I'm still waiting in the new maintainer queue, but I'm sure I can get this  
uploaded via sponsorship.

   BioMail is a small web-based application for medical researchers,
   biologists, and anyone who wants to know the latest information about
   a disease or a biological phenomenon. It is written to automate
   searching for recent scientific papers in the PubMed Medline database.

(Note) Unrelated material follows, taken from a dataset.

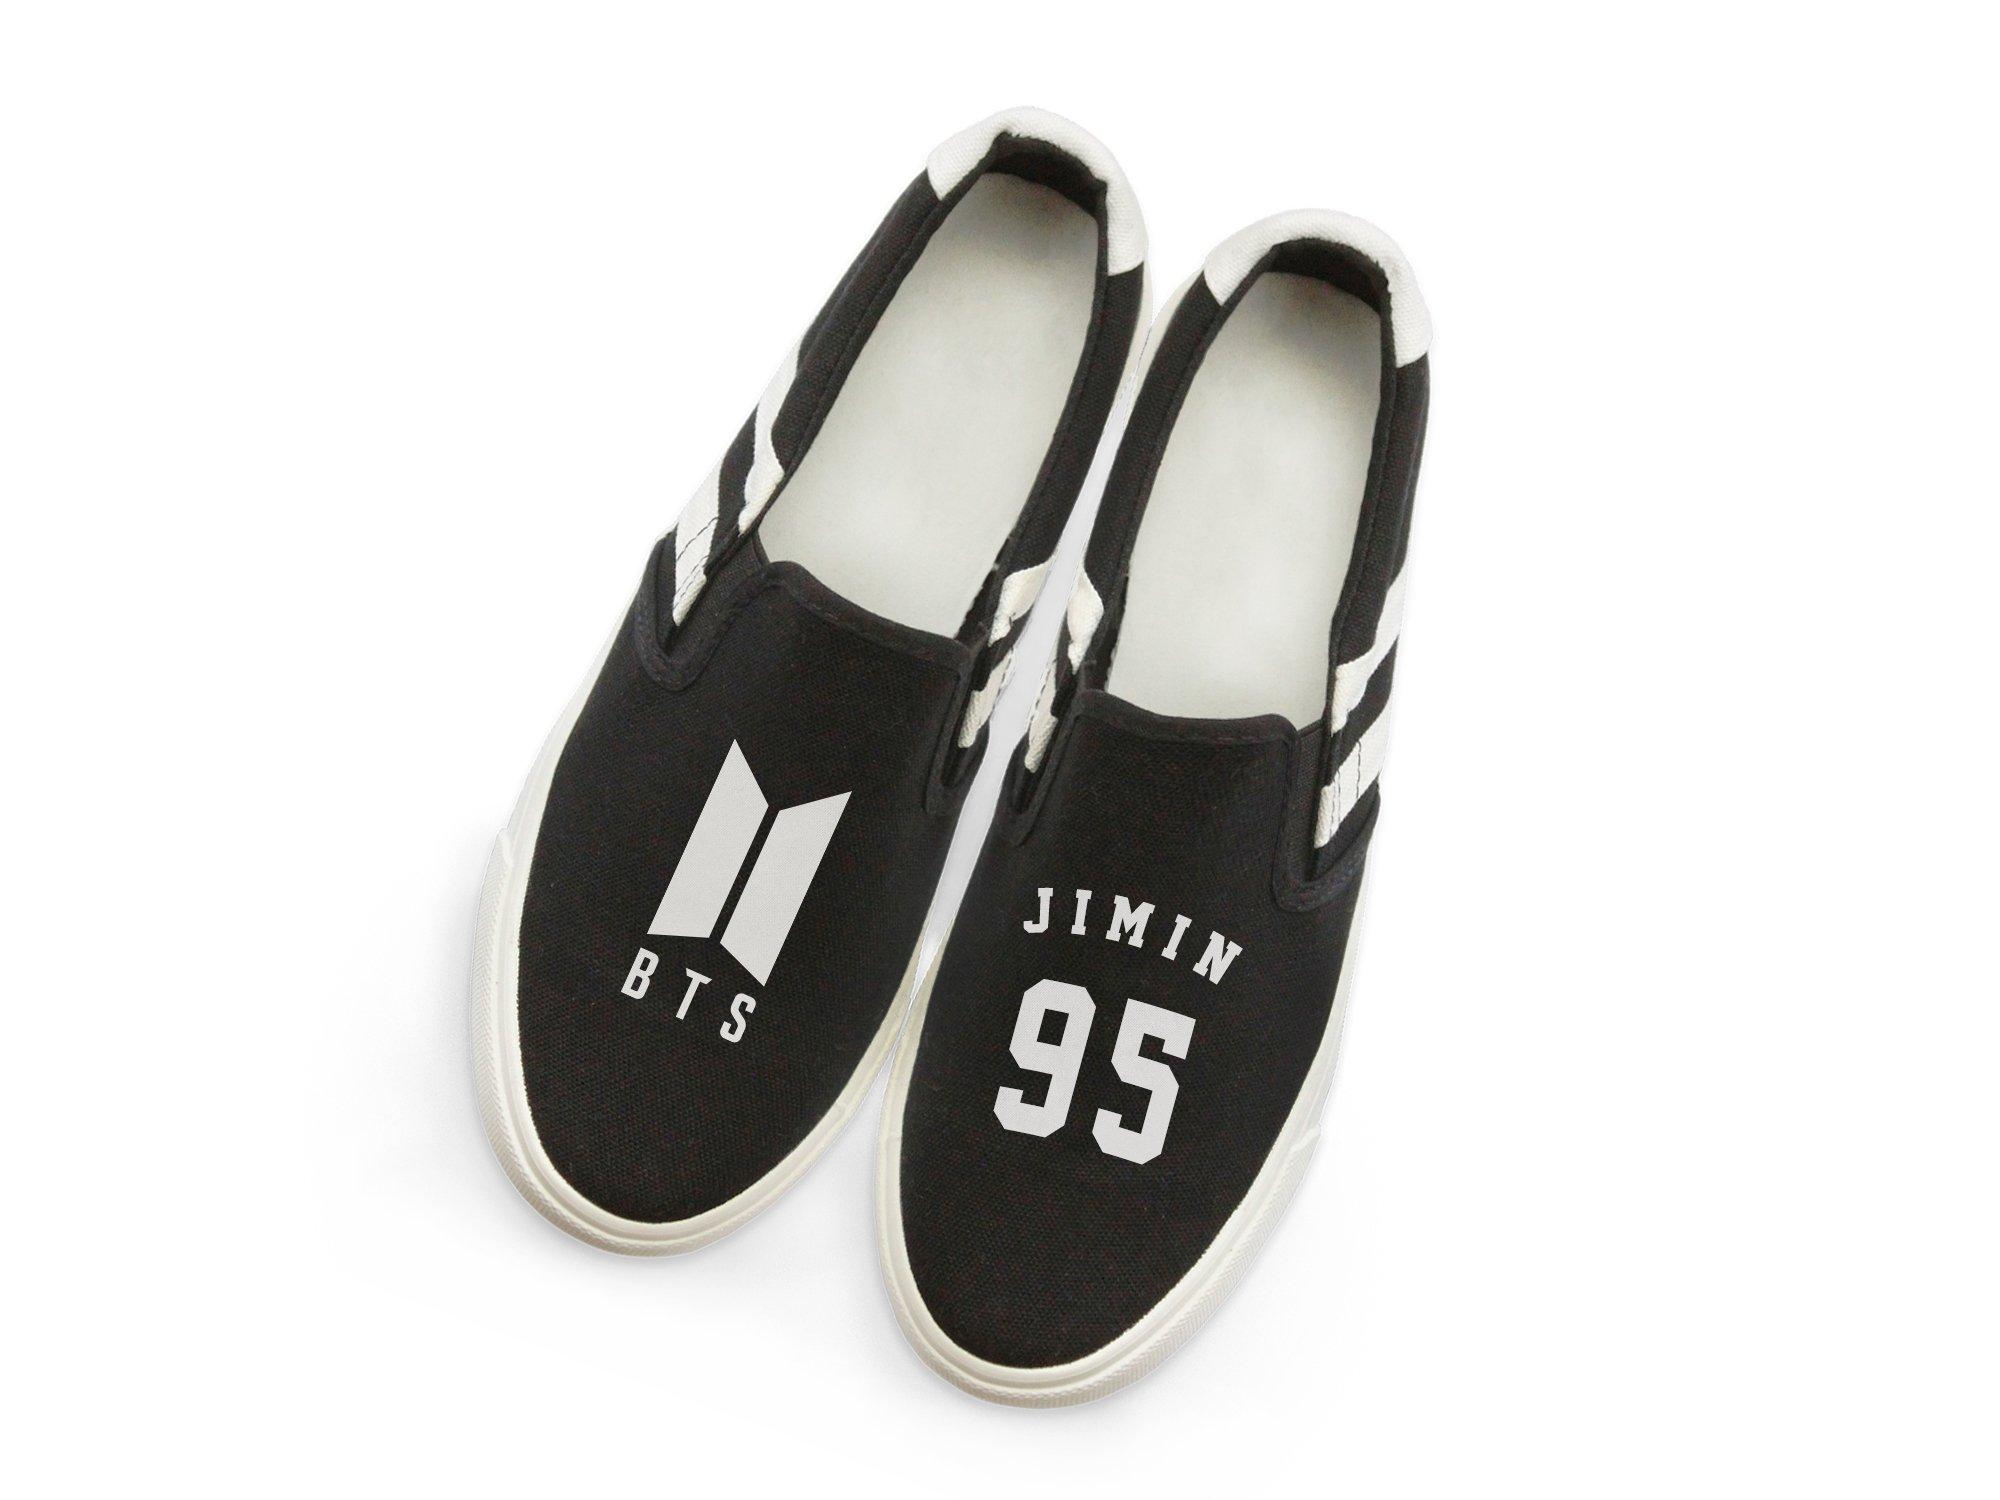 Fanstown BTS Kpop Sneakers Shoes Fanshion Memeber Hiphop Style Fan Support V Suga Junkkook with lomo Card (5.5, Jimin B)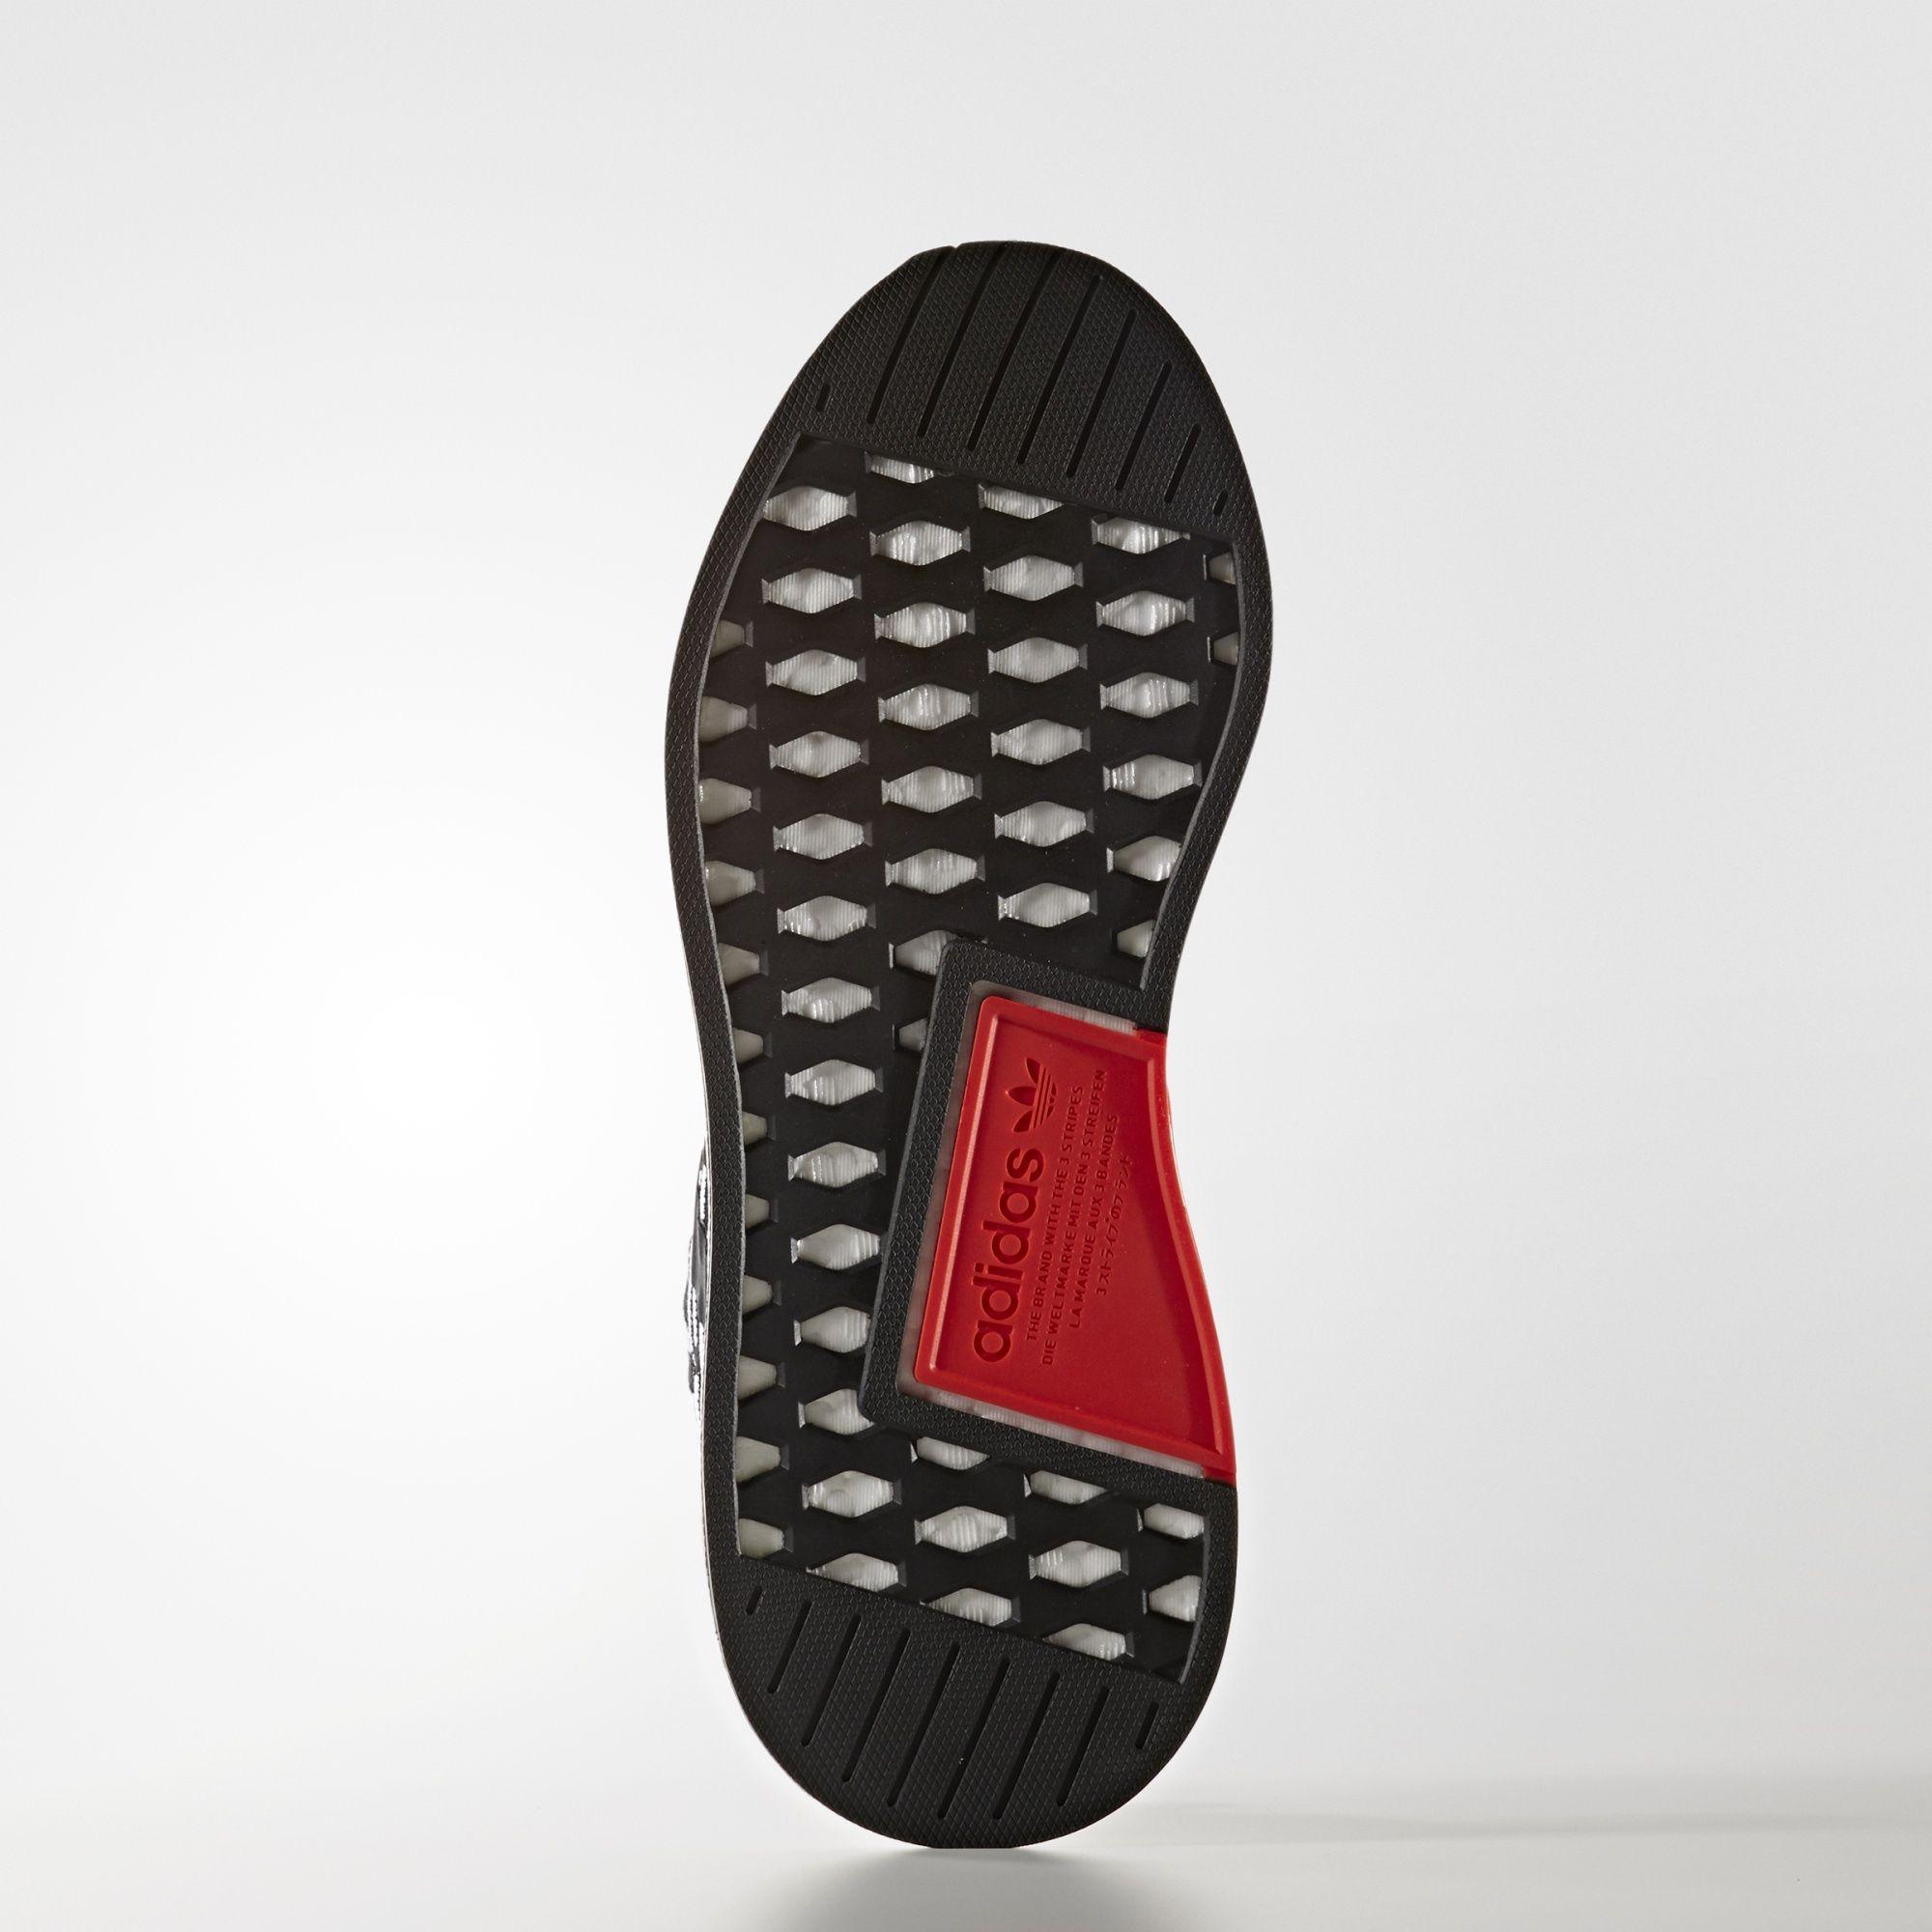 adidas nmd r2 primeknit Zebra BB2951 2

   BioMail is free and will stay free.
   
   What does BioMail do?
   Periodically BioMail does a user-customized Medline search and sends
   all matching articles recently added to Medline to the users' e-mail
   address. HTML-formatted e-mails generated by BioMail can be used to
   view selected references in medline format (compatible with most
   reference manager programs).
   
   Why is BioMail helpful?
   If you use Medline, it may be hard to remember when you did your last
   search. Often you must scan titles you have already seen to be certain
   you didn't miss an important reference. BioMail will perform routine
   searches for you. This program alerts users to all new papers in their
   fields automatically. It also helps the user to 'refine' search
   patterns once and for all. There is no need to wonder: 'What was that
   great search pattern I used last Saturday?'. All patterns are safe in
   the database and can be accessed, tuned, or deleted any time.
   
   It is also useful for countries where access to the Internet is not
   yet widely available. If a person has a permanent e-mail address, but
   only sporadic www access, she/he only needs to fill out a BioMail form
   once and then will receive new references from Medline continually.
   License
   
   It is released under GNU GPL license. This means it can be freely
   used, distributed, modified and redistributed as a new application, or
   it can even be sold for money, as long as the original or modified
   source codes remain freely available (and a little respect to the
   author is shown).
 
  Requirements
   
   BioMail was written in Perl for Linux. It was also checked under San
   Solaris7, Irix 6.5 (on SGI), Tru64 Unix 4.OE (on Digital alpha), and
   should be fine for other Unix OSes.
   
   BioMail requires a standard Perl distribution and two additional Perl
   modules from CPAN -- LWP::Simple and Mail::Mailer.